N Rogerio Cervantes Figueroa, et al., E Plaintiffs–Respondents, v. Relgold, LLC, Defendant–Appellant.

1049 5

Decided: December 03, 2019

Acosta, P.J., Renwick, Mazzarelli, Kapnick, JJ. Shafer Glazer, LLP, New York (Howard S. Shafer of counsel), for appellant. McMahon & McCarthy, Bronx (Matthew J. McMahon of counsel), for respondents.


Order, Supreme Court, Bronx County (Ben R. Barbato, J.), entered July 16, 2019, which, in this action for personal injuries, denied defendant's motion to vacate a default judgment in plaintiffs' favor in the amount of $4,200,000, unanimously reversed, on the law, without costs, and the motion granted.
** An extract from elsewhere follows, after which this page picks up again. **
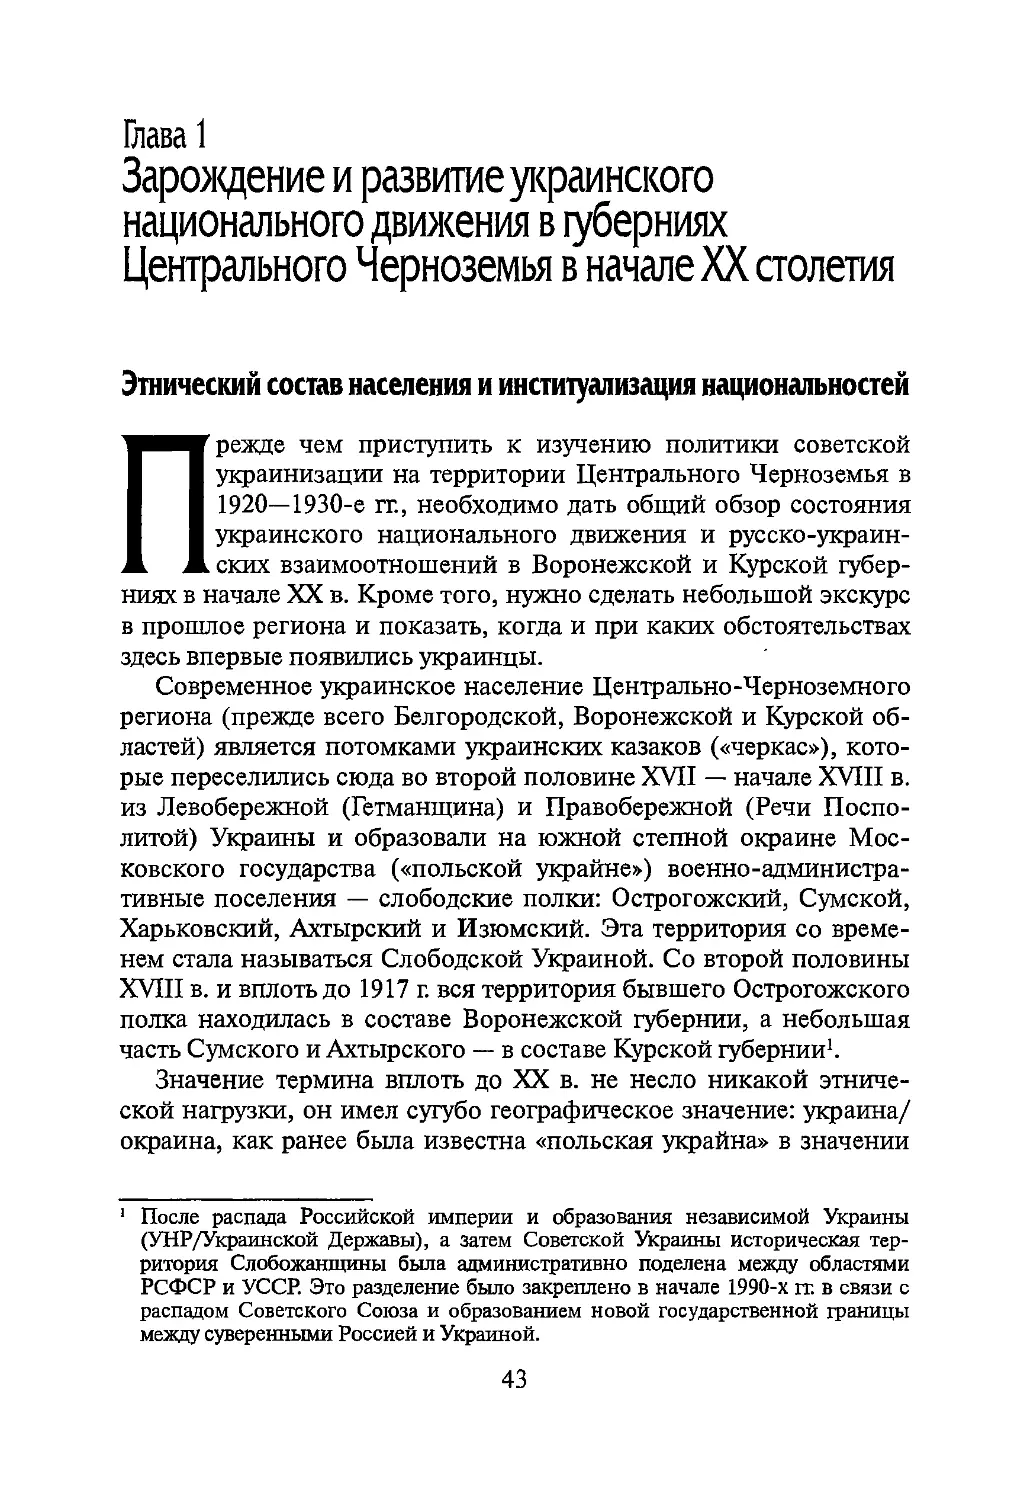 Глава 1. Зарождение и развитие украинского национального движения в губерниях Центрального Черноземья в начале XX столетия

An affidavit from a principal of defendant property owner, who also served as property manager for the premises, established that defendant did not receive timely notice of the action on account of an outdated business address on file with the Secretary of State (see CPLR 317;  Eugene Di Lorenzo, Inc. v. A.C. Dutton Lbr. Co., 67 N.Y.2d 138, 141–142 [1986] ).  The affidavit also showed that defendant had a meritorious defense, in that the default judgment was defective, given the conclusory allegations of a purportedly viable negligence claim (see CPLR 3215[f];  Brown v. Rosendale Nurseries, 259 A.D.2d 256 [1st Dept 1999];  St. Paul Marine Fire & Mar. Ins. Co. v Eastmond & Sons, 244 A.D.2d 294 [1st Dept 1997] ).  Furthermore, the commercial lease for the premises where plaintiff fell indicated that the tenant, which was the injured plaintiff's employer, was responsible for maintaining the nonpublic, allegedly dangerous staircase and for obtaining insurance to indemnify defendant for any liability that arose from the tenant's negligent acts or omissions.